• Task to carry out: Since the records include pictures, leave those out while you reproduce exactly and only the lines from the one containing "Black New Era bucket hat" through the one containing "TAMKO Heritage Premium Rustic Brown House", inclusive.

*** Opening Data for this task ***

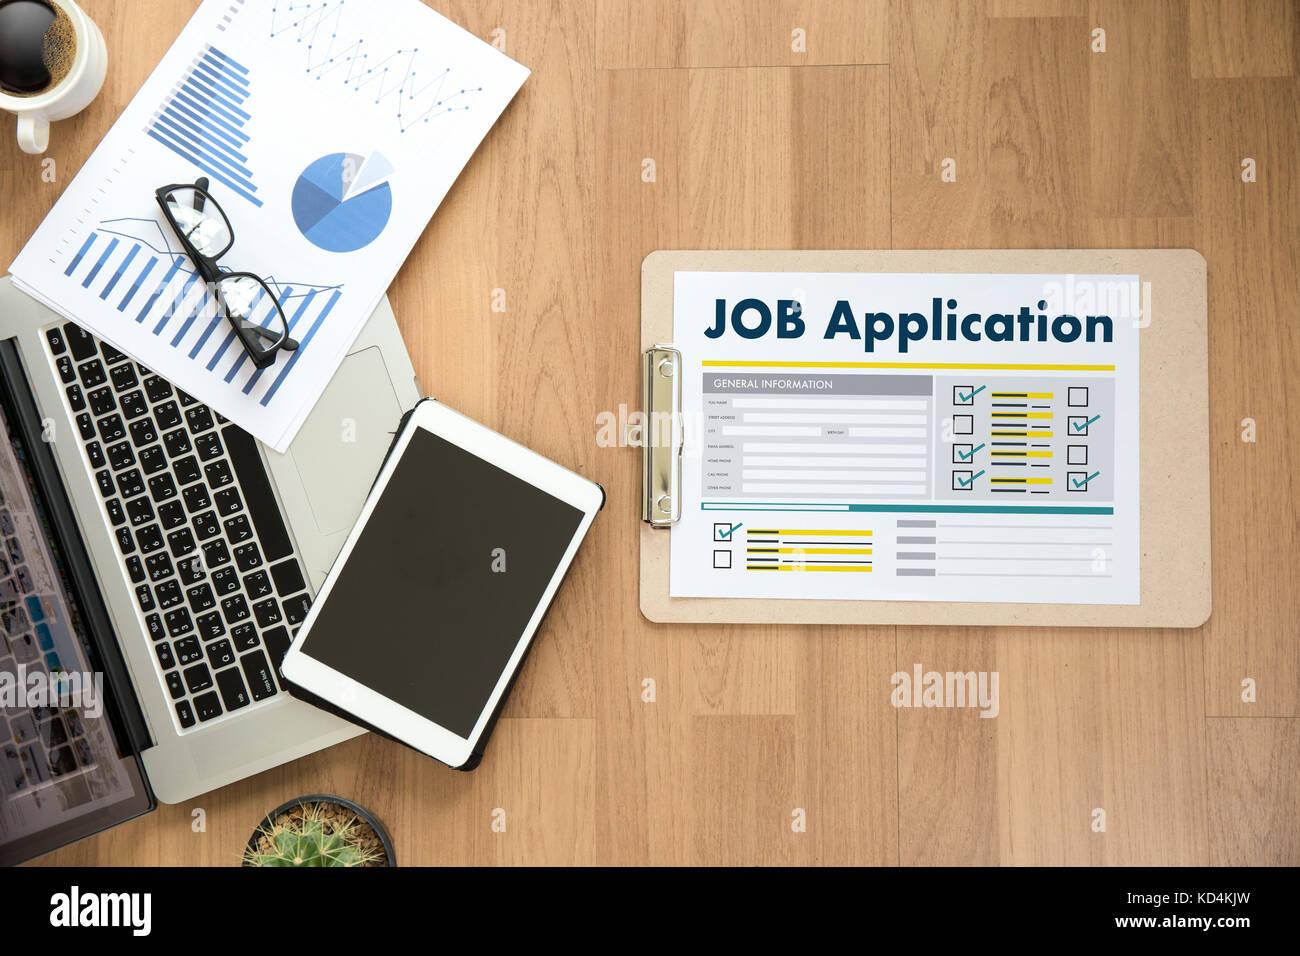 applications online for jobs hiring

*** Closing Data for this task ***
*** Opening Data for this task ***

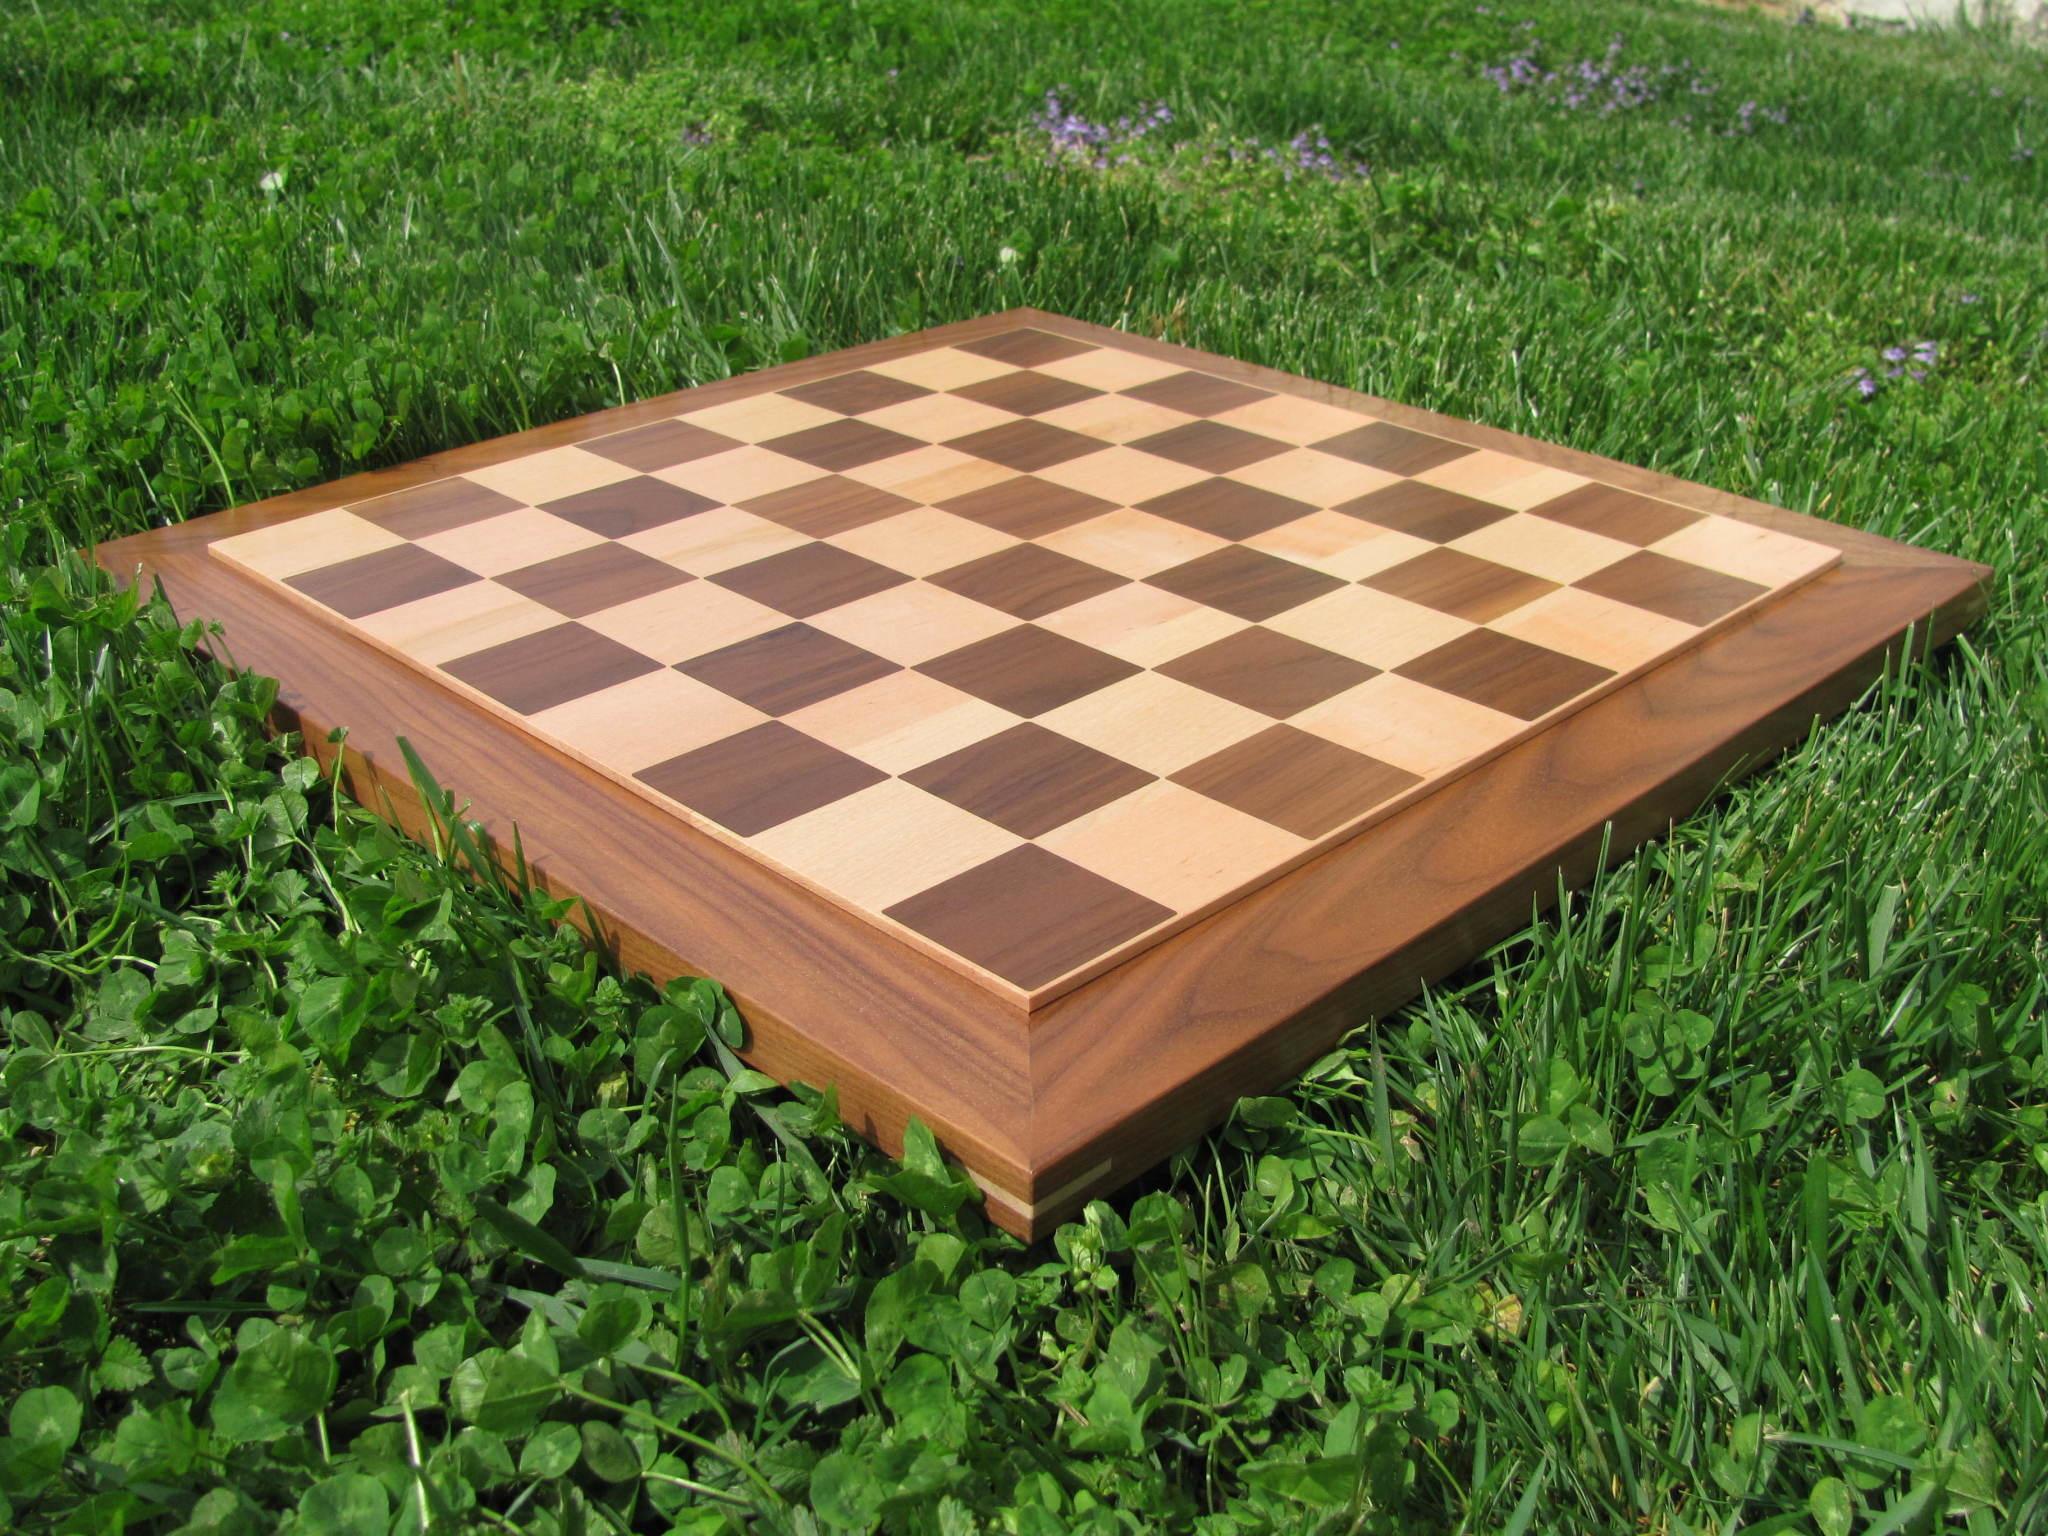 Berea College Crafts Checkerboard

*** Closing Data for this task ***
*** Opening Data for this task ***

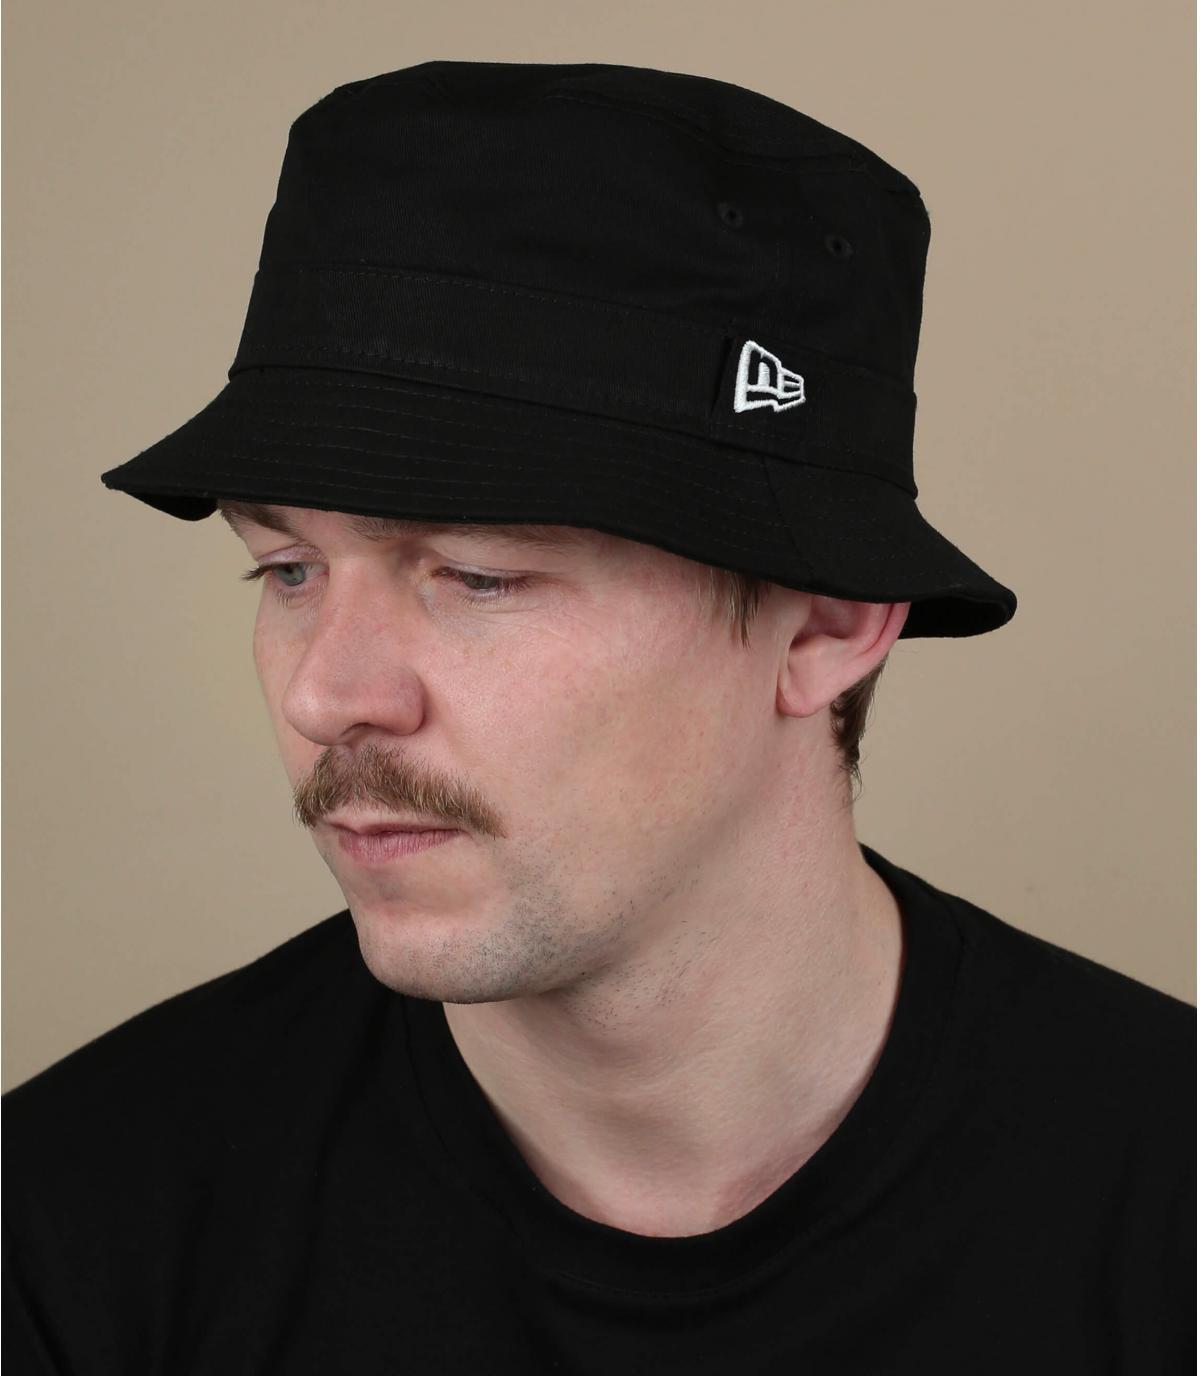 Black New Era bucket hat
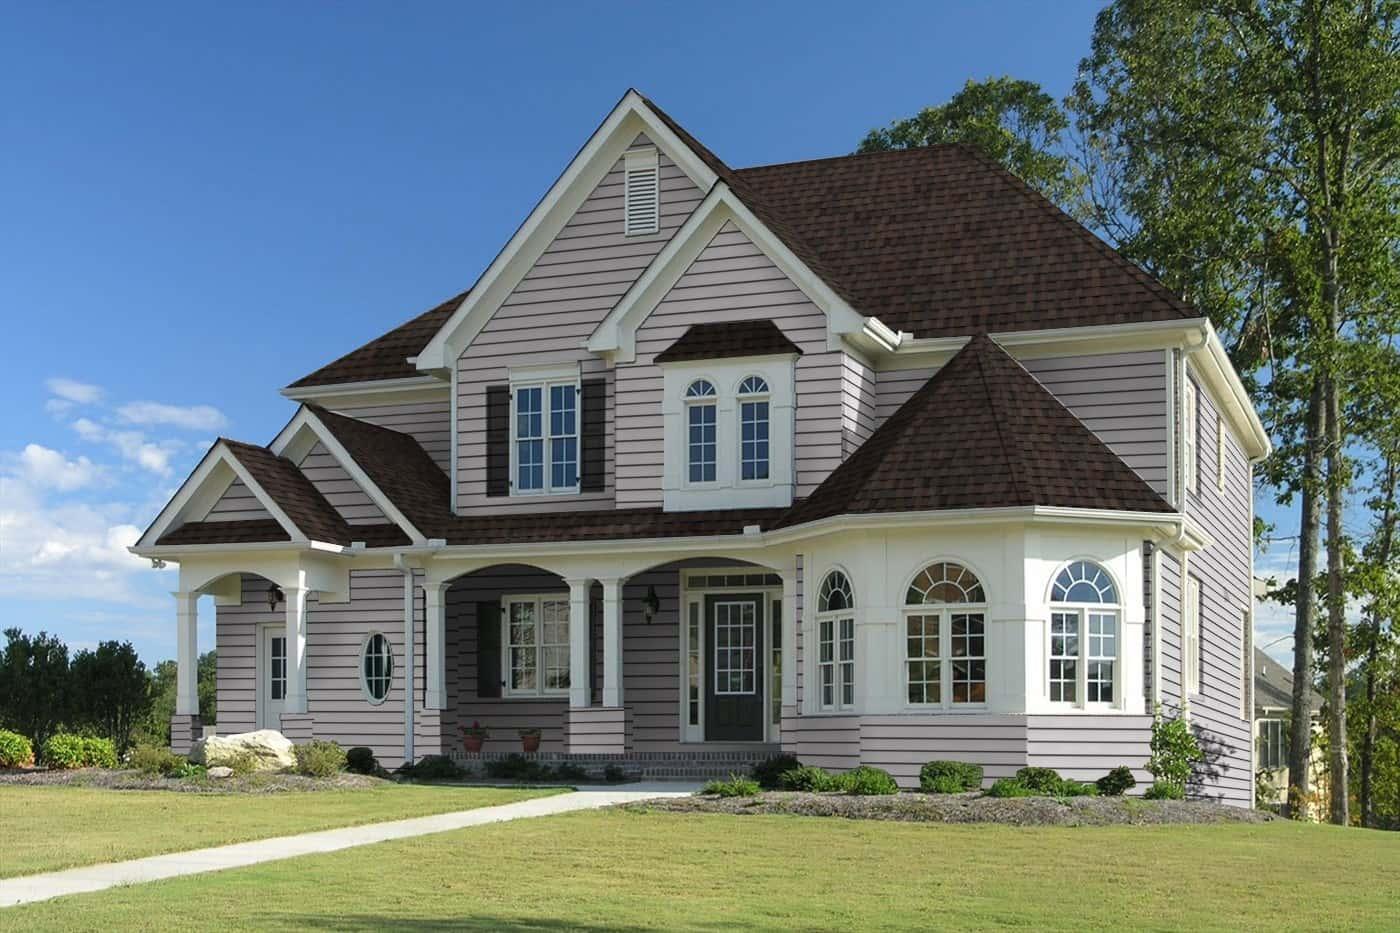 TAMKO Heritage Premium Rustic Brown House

*** Closing Data for this task ***

• Response area:
 Black New Era bucket hat
 TAMKO Heritage Premium Rustic Brown House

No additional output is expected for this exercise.